The first explicit manifestations of Brazillian influence in Lindsay’s music can be heard in the art-rock Bossa Nova of Ambitious Lovers, Lindsay’s avant-pop duo with keyboardist Peter Scherer, which recorded three albums between 1984 and 1991. The last, Lust, featured a guest vocal by Caetano Veloso, and it was as an Ambitious Lover that Lindsay first recorded his own vocals in Portuguese.
Lindsay’s first post-Ambitious Lovers solo album, Aggregates 1-26 (Knitting Factory Works, 1995), takes several steps back toward the jagged, spartan and atonal sound of DNA, albeit not so tightly-knotted. So at the time, O Corpo Sutil came as quite a surprise.
The music on that, and on the five other albums that donate songs to the Encyclopedia of Arto Volume 1, is a refined meld of urban American and post-Tropicália Brazilian styles, which benefits immensely Lindsay’s production skills. He’s been involved with some of the best music by such exceptional Brazilian artists such as Carlinhos Brown, Vinicius Cantuária, Gal Costa, Marisa Monte , Caetano Veloso and Tom Zé. One notable song, “Ela Ela”, which Lindsay co-wrote for Caetano Veloso’s pivotal late 80s album Circulado, also features Lindsay’s improvised solo guitar accompaniment.
On Encyclopedia of Arto Volume 2, which was recorded at a club in Brooklyn in 2012, Lindsay plays his own solo guitar accompaniments as paroxysmal spasms. Self-taught, his technique is nothing but extended, albeit feathered with brusque strumming. But the focus is primarily on the songs, and the songs, notwithstanding those shards of irruptive guitar, are intensely melodic and wryly sensual. Music that’s both melodic and paroxysmal: that’s both the pleasure and, for some, the pain when it comes to Arto-appreciation.
In his recent Wire review, Clive Bell writes: “Lindsay stands back from the lyric, a smart, PoMo guitar dude who doesn’t quite believe what he’s singing, so we don’t believe it either,” which couldn’t be more wrong.

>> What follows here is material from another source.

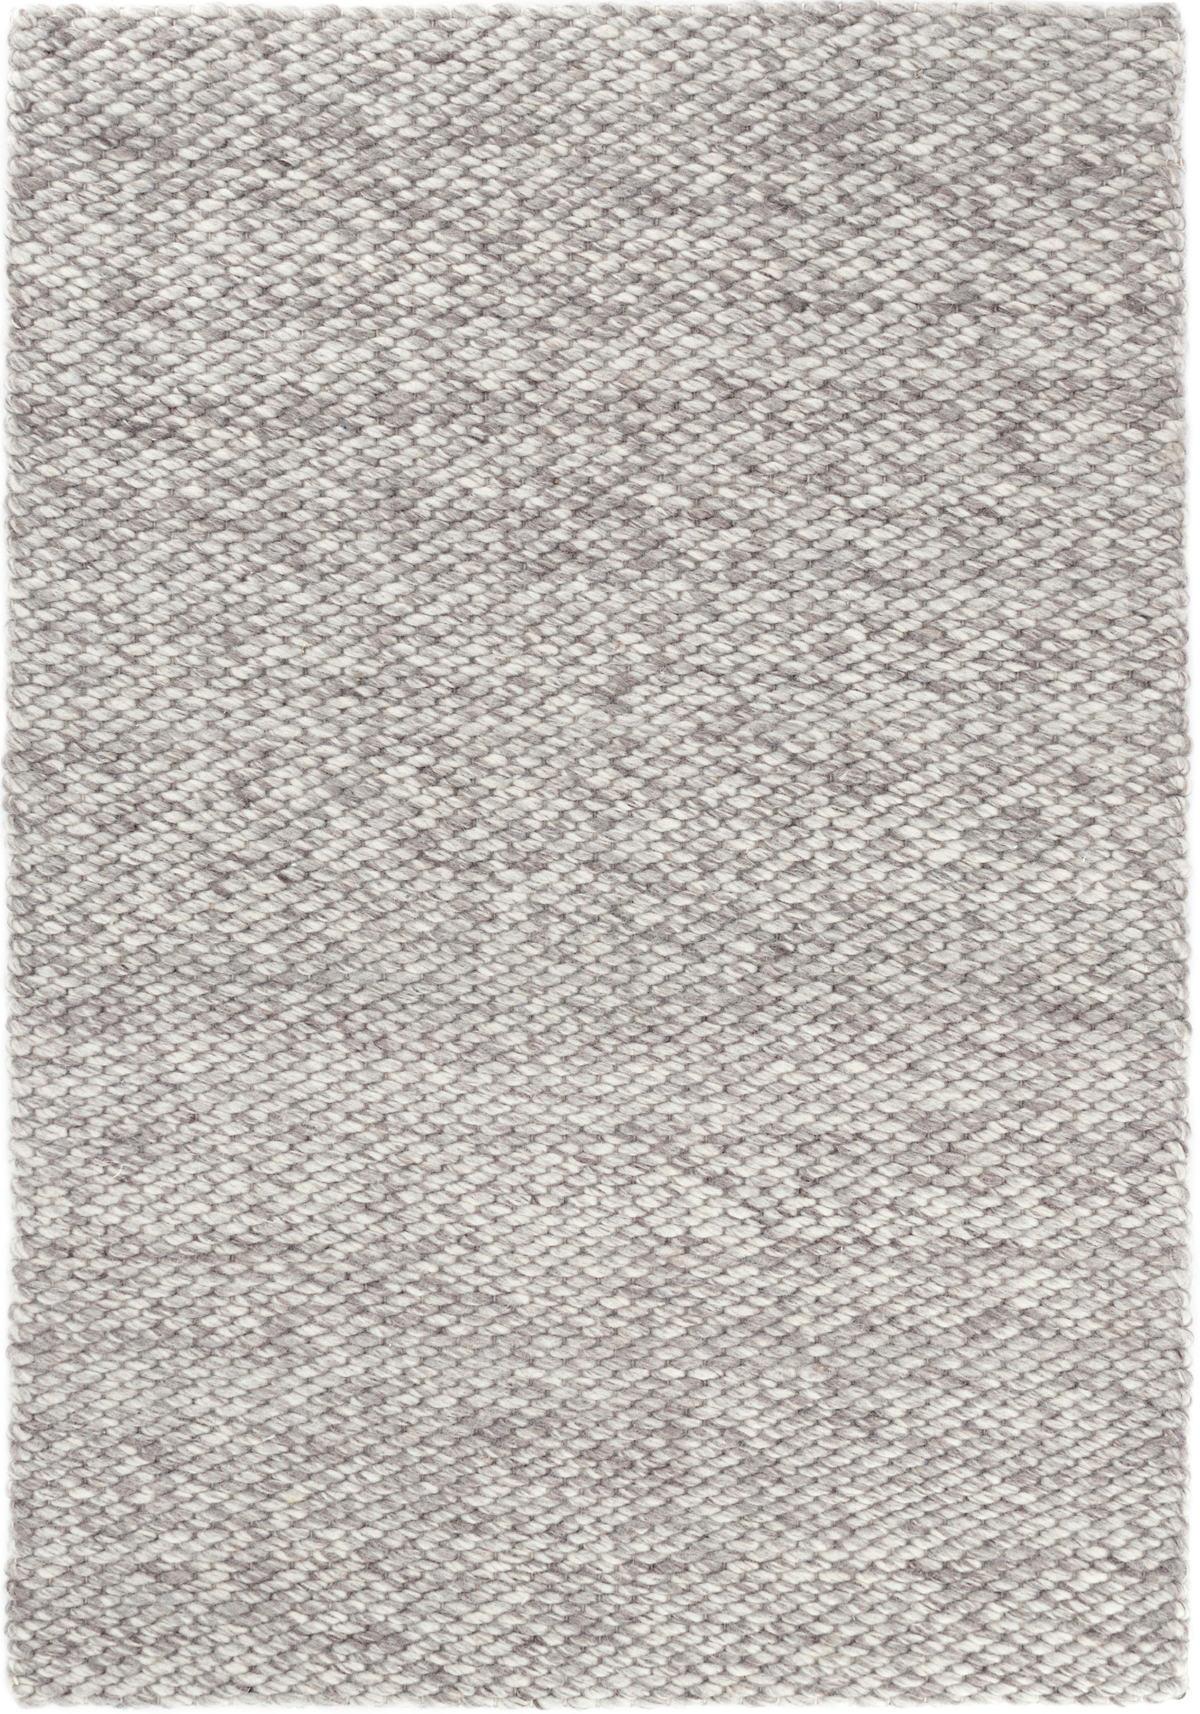 Loggia Grey Woven Wool Rug

Lindsay sings in intimate near-caresses, with a twinkle in the eye and a hint of irony that acknowledges a disconnect between his unprepossessing appearance and the occasional voluptuousness of songs like “The Prize”: “Rub words away / Roll back in the shade / Violent and hectic and wise.” Lindsay’s rebarbative guitar playing revels in that disconnect.

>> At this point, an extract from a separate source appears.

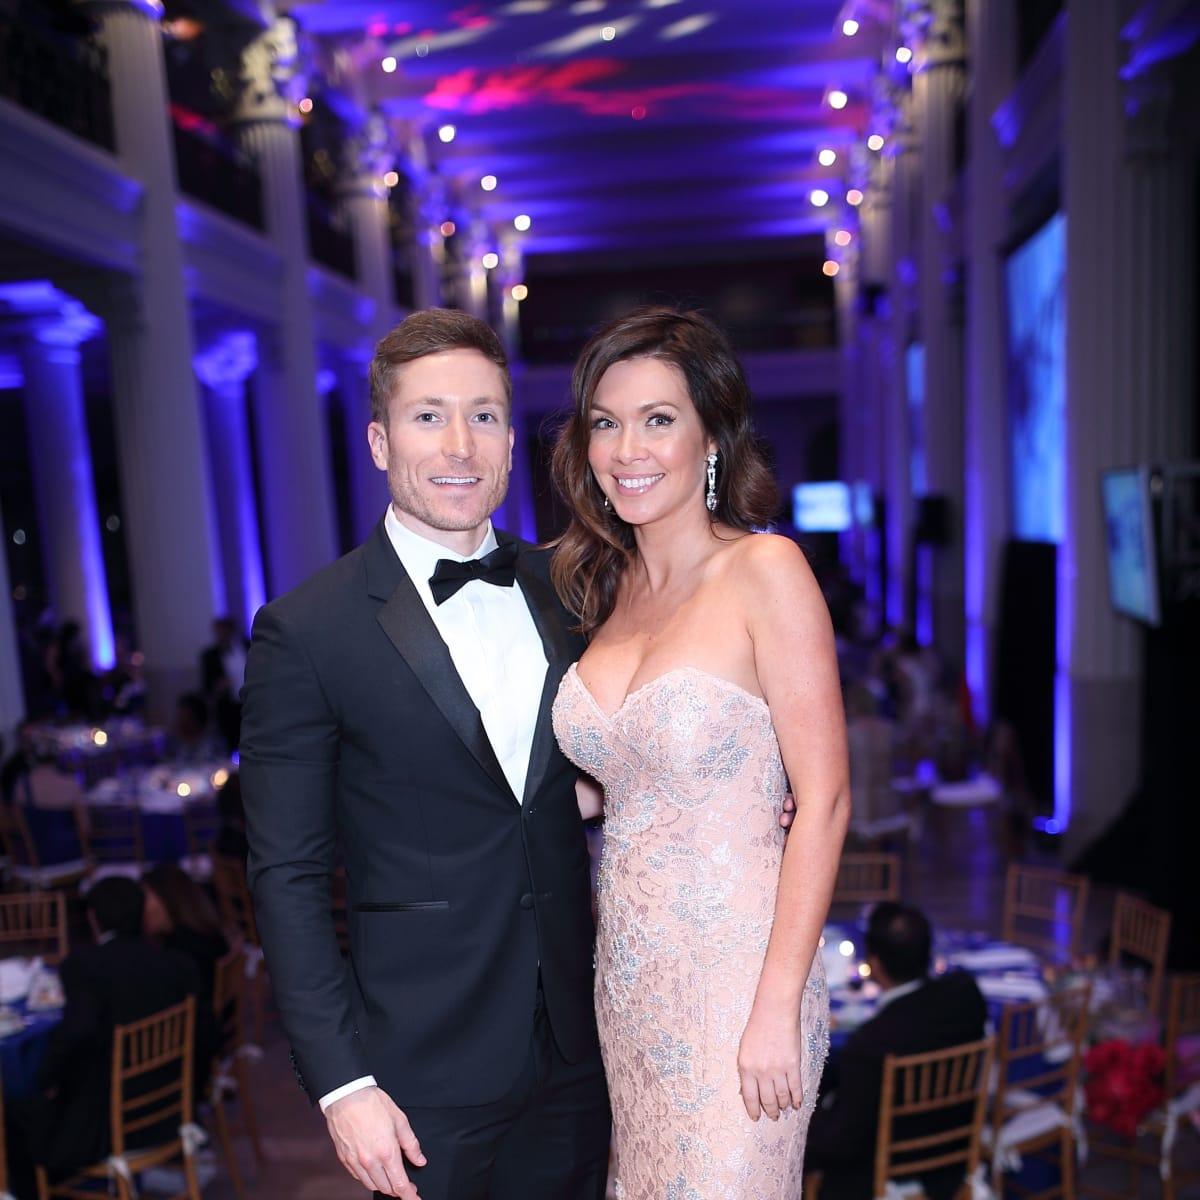 Shaun Lynch, Jentry Kelly at Denali Gala

The album-culled tracks on Encyclopedia of Arto Volume 1 are enhanced by impeccably subtle contributions from guests including Brian Eno, Ryuichi Sakamoto and Vinicius Cantuaria, and frequent collaborators such as bassist Melvin Gibbs and percussionist Nana Vasconcelos. These tracks include some of Lindsay’s loveliest songs, notably “Child Prodigy” (co-written by Caetano Veloso, quid pro quo).

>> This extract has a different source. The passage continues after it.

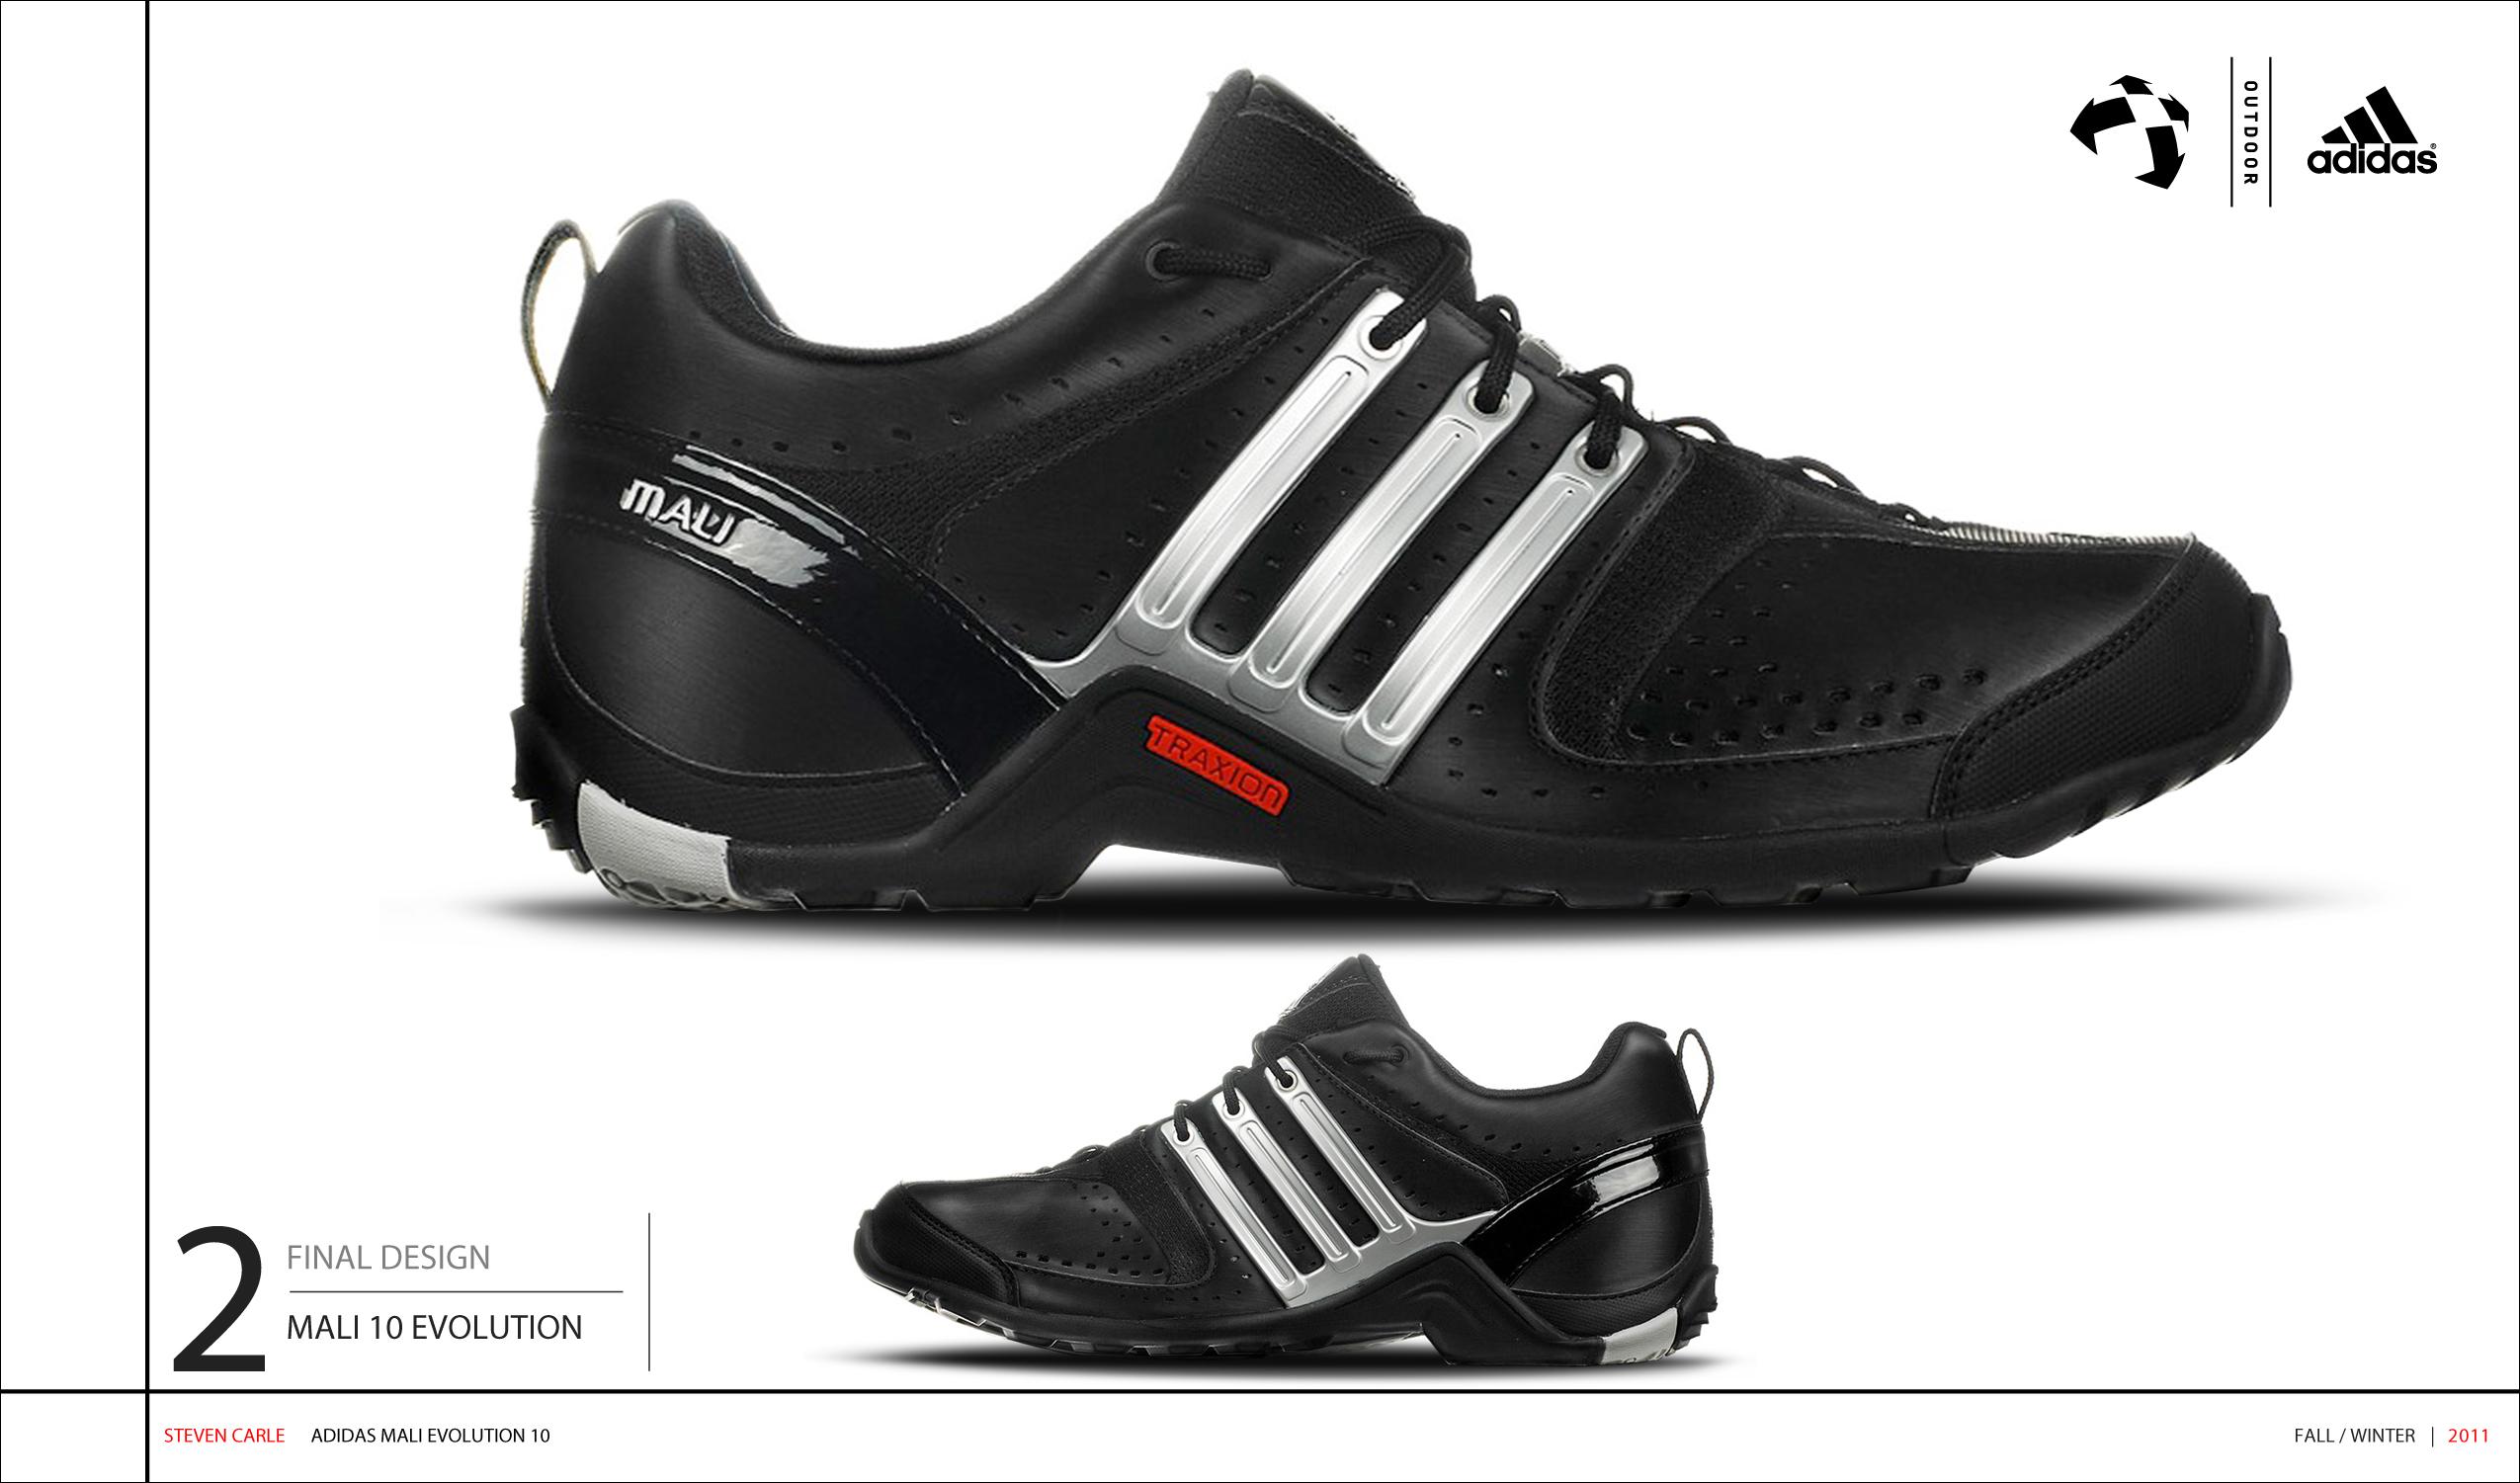 Adidas Mali Evolution 2010 on Behance d2b93703d75ec

Two of the best of Lindsay’s more complex songs, “The Prize” and “Invoke”, are included, in very different versions, on both volumes. Two covers he’s remade his own, Al Green’s “Simply Beautiful” and Prince’s “Erotic City”, both from Mundo Civilizado, are reserved for the live set. Volume 2 also includes one previously unreleased original song, titled “Pony”; two short, exclusive instrumentals: “Wall of Guitar” and “Garden Wall of Guitar”; a version of an Ambitious Lovers classic, “Privacy”; and two also-new covers sung in Portuguese: Chico Buarque’s “Estação Derradeira”, and the Carioca Samba traditional “Maneiras”.
These paired volumes document Lindsay’s unique dichotomies in very different ways, but on each the shrewd seduction of Tropicália rubs up against the invigorating violence of New York noise.